As quatro espécies de Sucot representam um costume bem judaico, não é? Talvez, porém mais provável, um ritual pagão de fertilidade.2 Até a melodia “tradicional” mais conhecida da canção litúrgica Ein Keeloheinu talvez tenha origens não judaicas. De acordo com uma teoria, ela vem de uma canção alemã de bar ou de um hino da igreja luterana.3
O meu ponto é o seguinte: temos medo de influências externas e assimilação como a principal ameaça ao futuro do povo judeu, quando na verdade ela aconteceu por todos os séculos, sempre enriquecendo as práticas e os costumes de nossos ancestrais. De certa maneira, o judeu respira um ar fresco e vivo, que reenergiza sua prática e conexão com o passado. Relevância, adaptabilidade e mudanças não foram perigos para a nossa sobrevivência, mas, ao contrário, a chave para entender o mistério do nosso passado, o significado de nosso presente e a importância do nosso futuro.

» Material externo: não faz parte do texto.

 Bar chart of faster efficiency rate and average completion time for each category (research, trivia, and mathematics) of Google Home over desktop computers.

O homem moderno está sempre à procura de significado para sua vida. Tendo estado em comunidades judaicas em muitas partes do mundo, me dou a liberdade de fazer uma revelação audaciosa. Em qualquer sábado de manhã,
a maior parte das comunidades tem menos congregantes na sinagoga do que em estudos de yoga, em academias se exercitando ou relaxando na praia, na montanha ou onde for. Temos, então, duas alternativas: ou batemos a cabeça contra a parede e choramos, ou procuramos entender o porquê desse fenômeno, e procuramos integrar as maneiras pelas quais as pessoas em 2021 caminhem suas jornadas espirituais ao nosso Judaísmo para que ele continue vivo. Eu sou um forte proponente da segunda opção. Até porque gosto da melodia do Ein Keelokeinu, independentemente de sua origem.

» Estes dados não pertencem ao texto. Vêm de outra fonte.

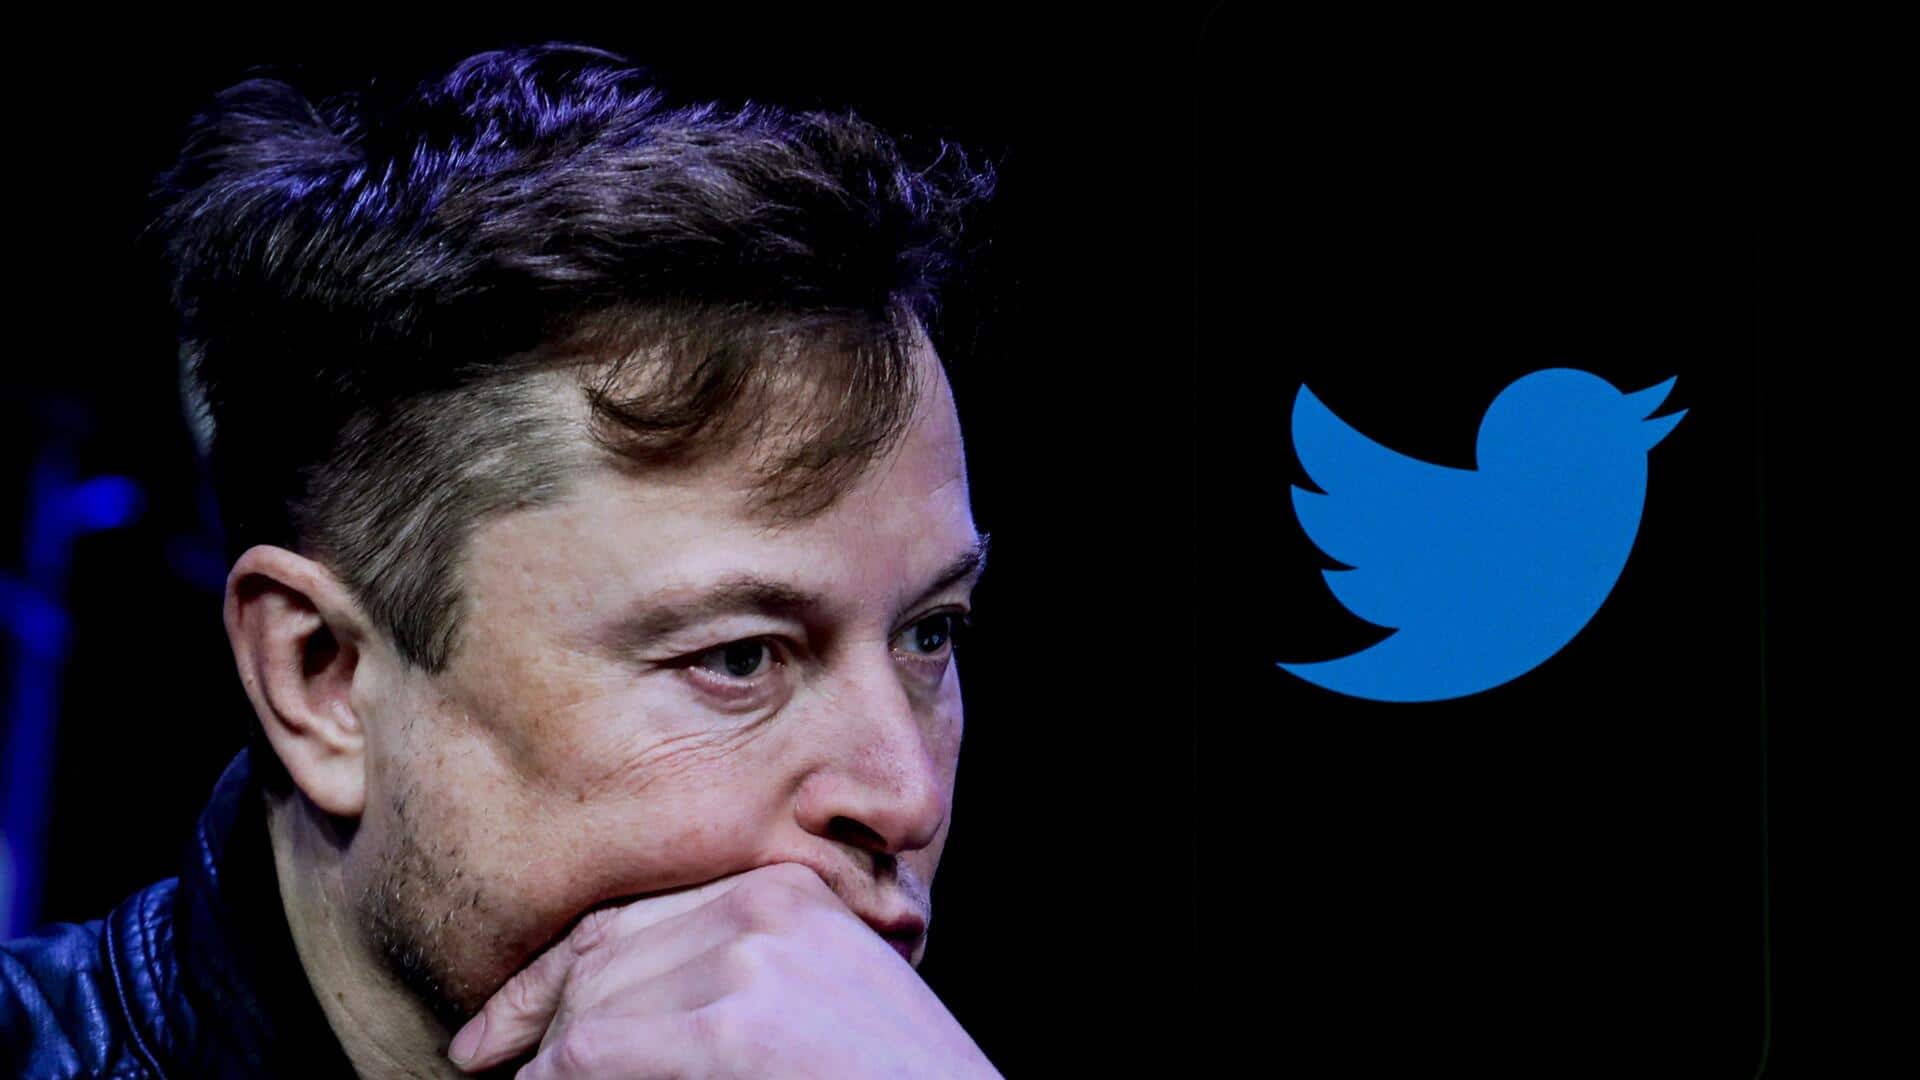 SEC accuses Elon Musk of distorting investigation into Twitter acquisition

Na verdade, tem muita coisa kasher no yoga. Conectá-lo com Yidishkeit e com a sinagoga não é muito difícil. Quando terminamos a nossa análise, apreciaremos mais os judeus que rezam em um sábado num estúdio de yoga, mexendo seus corpos em sincronia com sua respiração. Talvez até sintamos que é interessante de vez em quando trazer o yoga para dentro da sinagoga, e criar um minian Shal-OM praticando essa arte e exercício como um shacharit integrado. Como rabino, a minha prática de yoga me trouxe mais próximo ao Judaísmo e ao Sagrado.
A Espiritualidade
Yoga é muito mais do que só exercício. Exercício é uma parte importante da prática, mas de maneira alguma resume a essência da experiência para os estudantes e praticantes. Yoga vem da palavra em sânscrito Yuj, que quer dizer “unir” ou “trazer junto”. Corpo e alma, o mundano e o espiritual, se reunindo. Essa e a definição de yoga. Não por coincidência, também é como muitos líderes espirituais judeus viram o objetivo de nossa tradição.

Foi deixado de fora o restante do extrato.